Por supuesto, el factor humano, que la ballena tenga emociones —al contrario de lo que reza el ensayo que lee Charlie para sobrevivir—, conduce a que esa fórmula sea desbalanceada hacia lo horroroso en tanto angustia: terror por el destino del hombre. Durante los primeros veinte minutos el relato embate hasta hacer sentir pena por el protagonista, todos lo castigan. Casi cayendo así en el burdo sentimentalismo.

Conforme se avanza en la trama este modelo de tensión se agudiza y se extrapola de lo meramente visual a lo moral. Allí, en ese movimiento que sortea el sentimentalismo, quizá radique lo más interesante de la propuesta de Aronofsky.

Porque lo sublime horroroso de lo corpóreo, es nimio frente al optimismo autodestructivo de Charlie, que permea todos sus vínculos. En la ambigüedad de que dentro de sí coexistan la esperanza y la bondad más beata con la pulsión suicida-egocéntrica yace el oxímoron más grande. Así, con ese eje conductor que se despega del juicio físico, el director nos surte golpes de efecto, poniendo en cuestión las decisiones de Charlie a lo largo de su vida: contando, por ejemplo, sobre como abandonó a su familia por un amorío con un estudiante. Luego dándole la palabra para explicar que la situación no fue tan así, que siempre envió dinero a su hija y se preocupaba por ella.

Entre esos idas y vueltas, que nos ceden la responsabilidad de juzgar un relato ambiguo, y la indiscutible química entre Fraser y Hong Chau (Liz), La Ballena alcanza su tope. Virtud y a la vez defecto de Aronofsky no haberse tentado por el exceso al que nos tiene acostumbrados, cuyos resultados podrían haber sido desastrosos, y elaborar demasiado prolijamente un relato que, sin embargo, no puede hilar su inteligente núcleo principal con la cantidad de ideas y temas que pululan a su alrededor.

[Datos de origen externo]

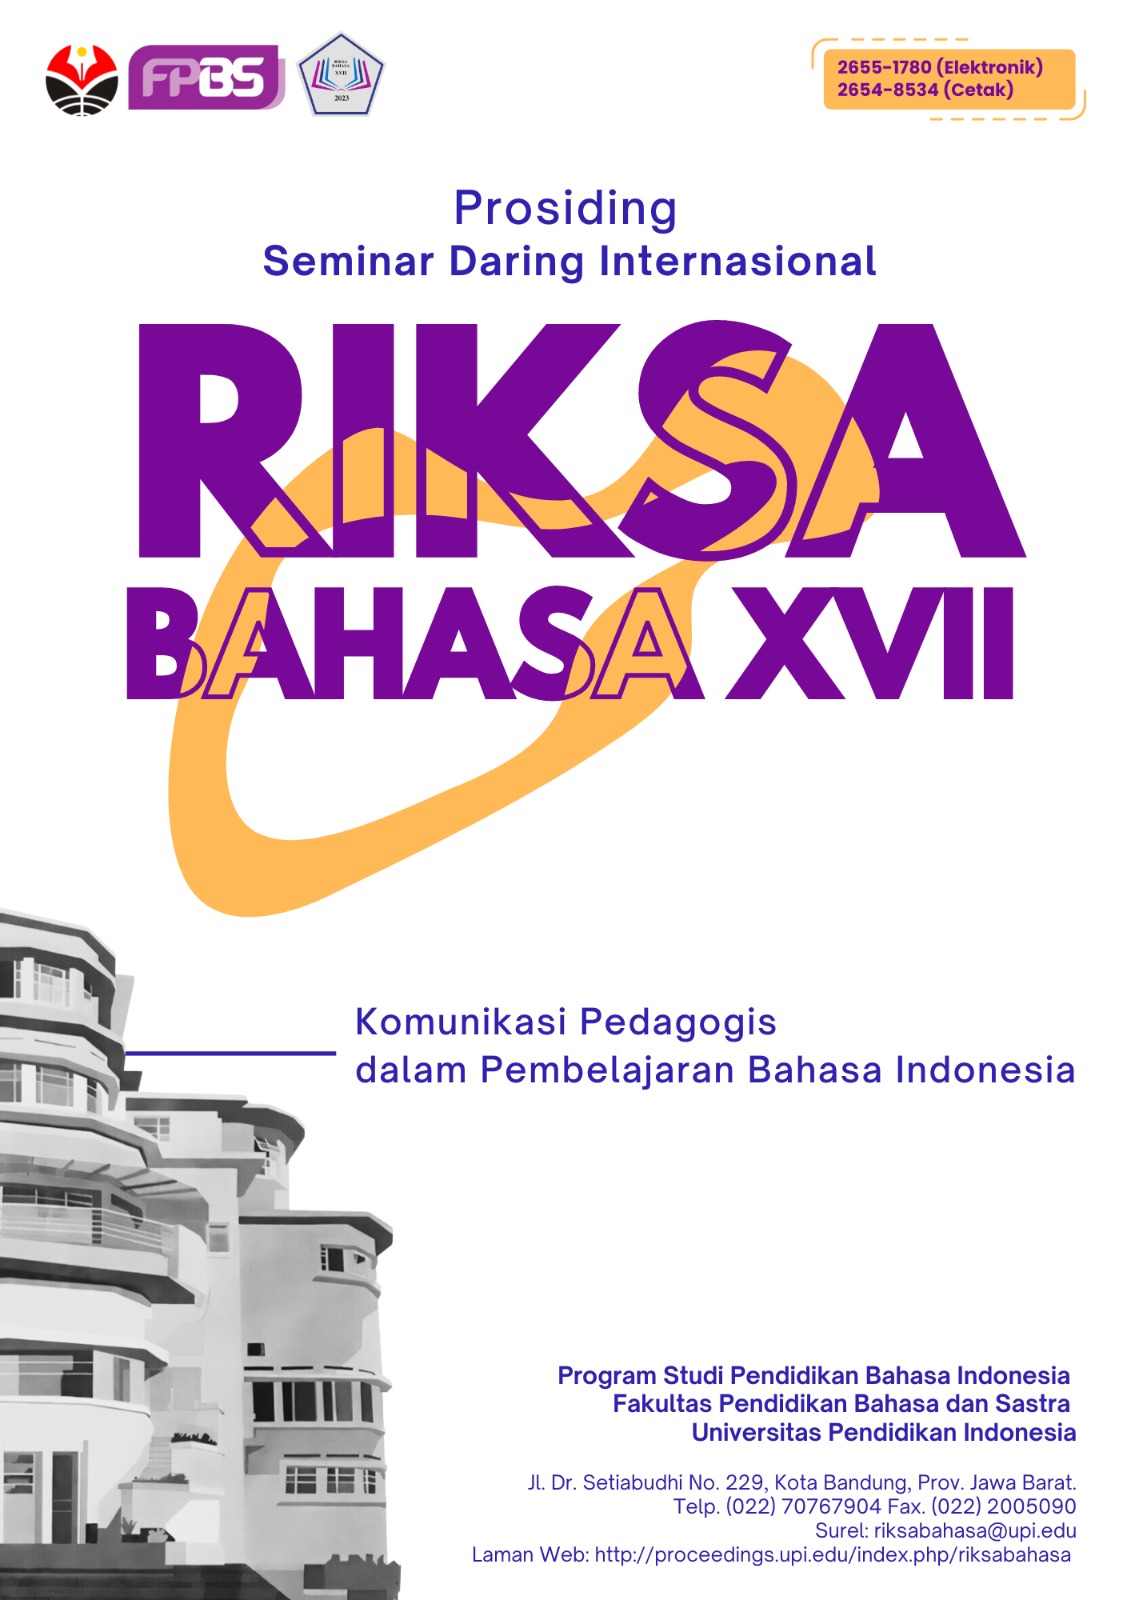 Seminar Internasional Riksa Bahasa XII

El cambalache de religión, política, salud mental, homosexualidad, escritura y demás tópicos rondan de manera subyacente los conflictos narrativos centrales quedándose a mitad de camino. A veces como menciones planas inconexas, otras como recurrentes leitmotiv, pero en definitiva jamás explorados con la profundidad suficiente para que La Ballena se eleve en calidad de memorable.